May 28, 2024

Taghleeb tough in McKnight; Suffused all class in La Prevoyante

Taghleeb (blinkers on inside) hangs on from Sadler's Joy in the W.L. McKnight (Photo courtesy Leslie Martin/Coglianese Photography)

Fresh off a course record-setting performance in the two-mile H. Allen Jerkens on December 31, Michael M. Hui’s Taghleeb had no difficulty shortening up a half-mile to take Saturday’s $200,000 W.L. McKnight H. (G3) back at Gulfstream Park.

The margin was tighter, with just a head to spare over stakes newcomer Sadler’s Joy. Jockey Tyler Gaffalione, who settled Taghleeb well off the early pace, made the winning move at the right time. The 5-1 chance thereby got the jump on Sadler’s Joy and determinedly reached for the wire in a final time of 2:25.90 on the firm course.

Sadler’s Joy handled his class hike with aplomb, and the well-bred four-year-old is one for the future. Patterson Cross, who brought a similar profile into the McKnight, held third after stalking the pace and striking the front entering the stretch. The eight-year-old warrior Twilight Eclipse, who also tracked early, fought in his usual way and just missed third. The biggest flops were market leaders Danish Dynaforner (eighth as the 123-pound highweight at 7-2) and Mr Maybe (10th as the 3-1 favorite).
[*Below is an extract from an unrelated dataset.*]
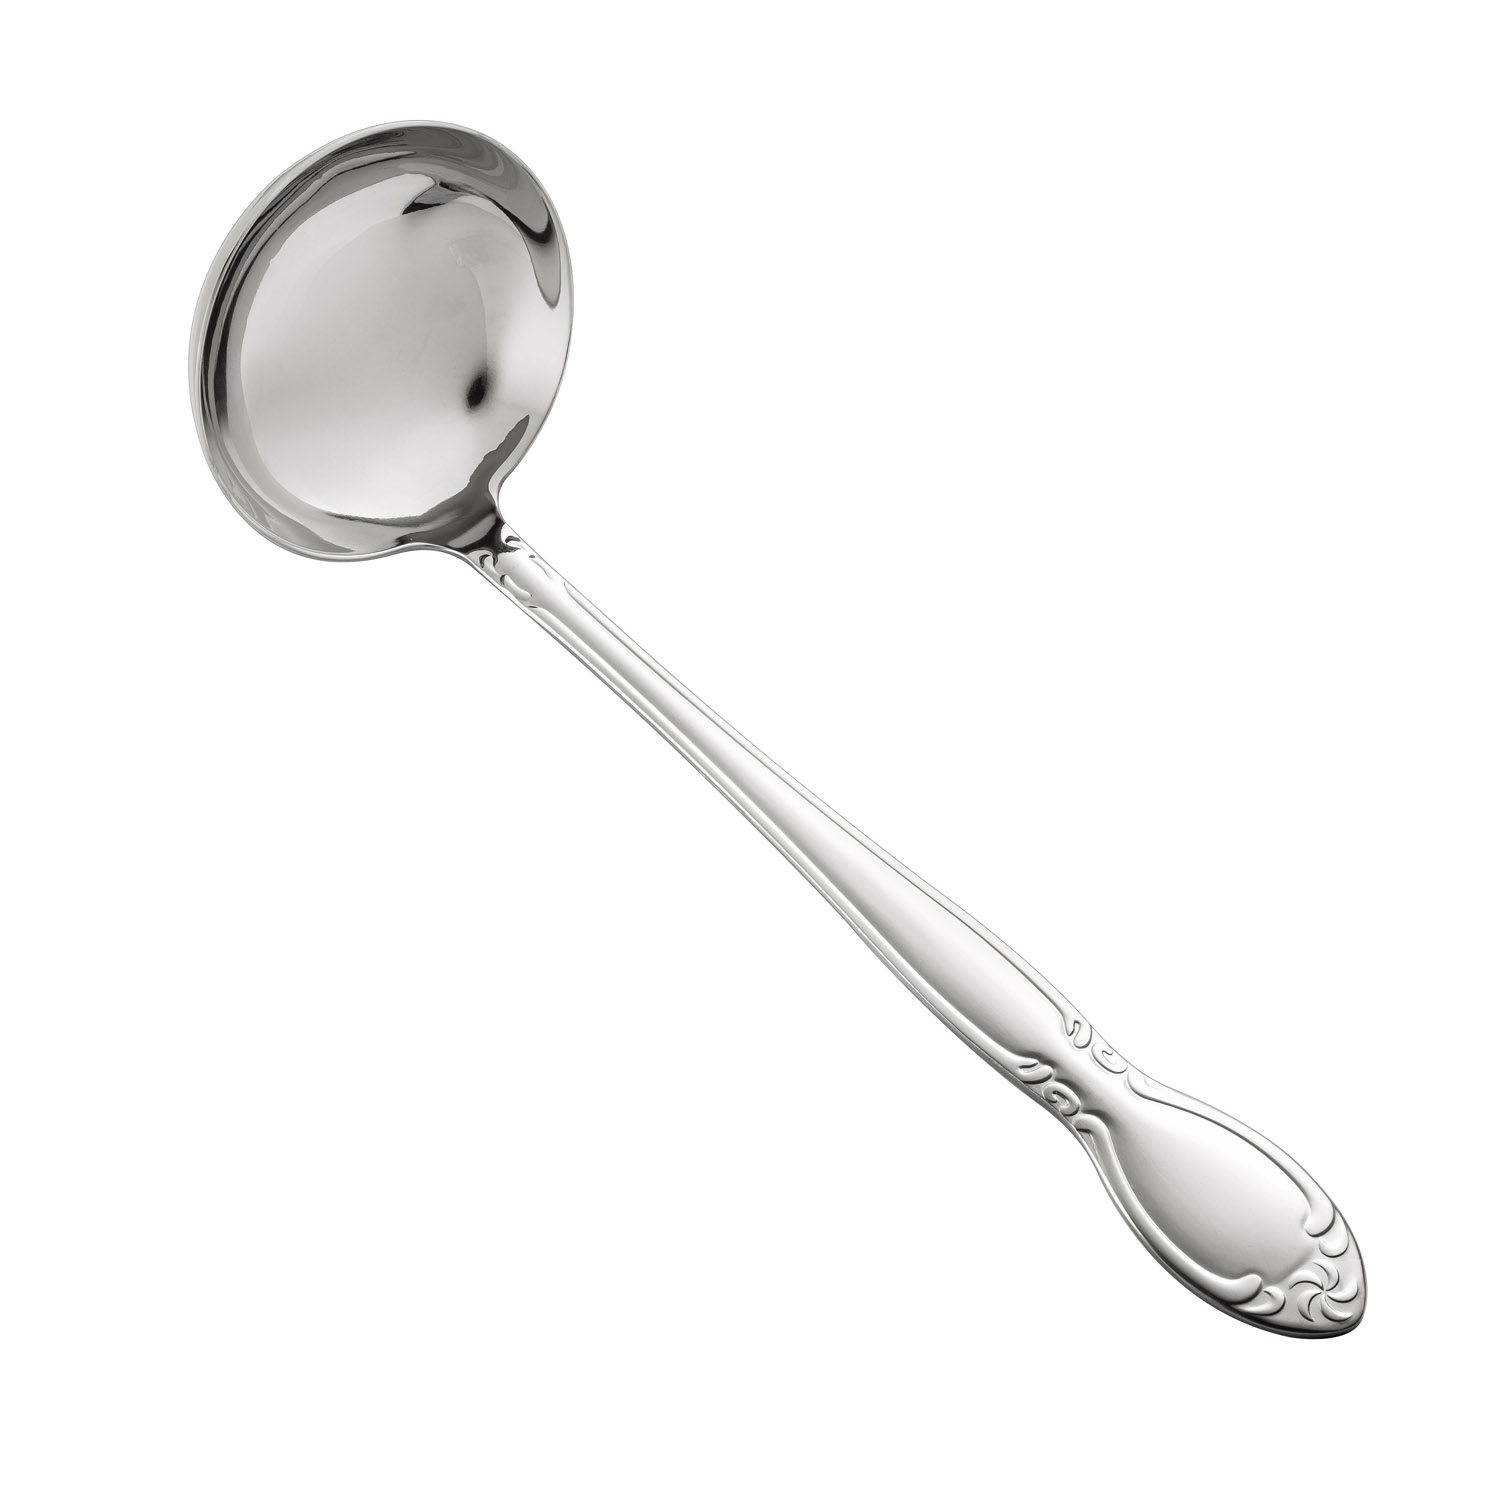 CAC China 3023-38 Louvre Ladle, Extra Heavy Weight 18/0, 4 oz., 11-1/2"

Much improved since being claimed by Mike Maker last summer, Taghleeb is now a three-time stakes winner. The son of Hard Spun captured the Remington Green second off the claim, and finished seventh in the Canadian International (G1) and fourth in the River City (G3) prior to prospering at Gulfstream The Shadwell-bred has earned $448,329 from a 25-6-4-4 record.

In the $200,000 La Prevoyante H. (G3), Juddmonte Farms’ homebred Suffused (GB) shrugged off the top weight of 123 pounds, the far outside post 12, and a claim of foul to justify 3-2 favoritism. Slotting into a comfortable midpack spot in the early going, the Bill Mott mare commenced her bid on the far turn and readily dispatched Arles (Fr) by a length.

Arles’ rider, Joel Rosario, lodged an objection against the winner, alleging interference as Suffused tightened her up briefly. But the incident was minimal. Suffused was well in hand for Jose Ortiz, who asked her for no more than required for a cozy victory. The stewards took a similar view and allowed the result to stand.

“She broke good,” Ortiz said. “They went wide into the first turn. When we got to the quarter pole she got into a really good position, and from there she changed her leads well in the stretch and finished up strong.”

“A little wide on the first turn, but other than that, no problem,” Mott recapped. “The post position – if you scratch, where are you going to run? He was able to get into the two path after the first turn. It looked like she had them whenever she wanted them.

“I wasn’t worried initially (about the stewards’ review) because I thought it was against the 3 (third-placer Try Your Luck on the rail), but Jose (Ortiz) said she came in a little when she switched leads. Horses always come in half a path; that is just the nature of the beast.”

Suffused, who covered 1 1/2 grassy miles in 2:26.04, was the first half of a Juddmonte double. The second came on a far bigger stage, courtesy of champion Arrogate in the $12 million Pegasus World Cup (G1).

Sired by past Juddmonte star Champs Elysees, Suffused sports a mark of 15-6-4-1, $537,407. The import turned the corner when romping in course-record time in last June’s Belmont Coronation Invitational at the obscure trip of 1 15/16 miles. She went on to beat Arles in the Glens Falls (G3) at Saratoga, an effort bookended by a pair of photo-finish losses in the Waya (G3) and E.P. Taylor (G1) when last seen on October 16.

Mott mentioned the April 1 Orchid (G3) as a logical step.

“I think there’s a race at the end of the meet we might have a look at,” the Hall of Famer said. “She’ll keep running. She just got good towards the end of last year. I guess it’s just maturity.”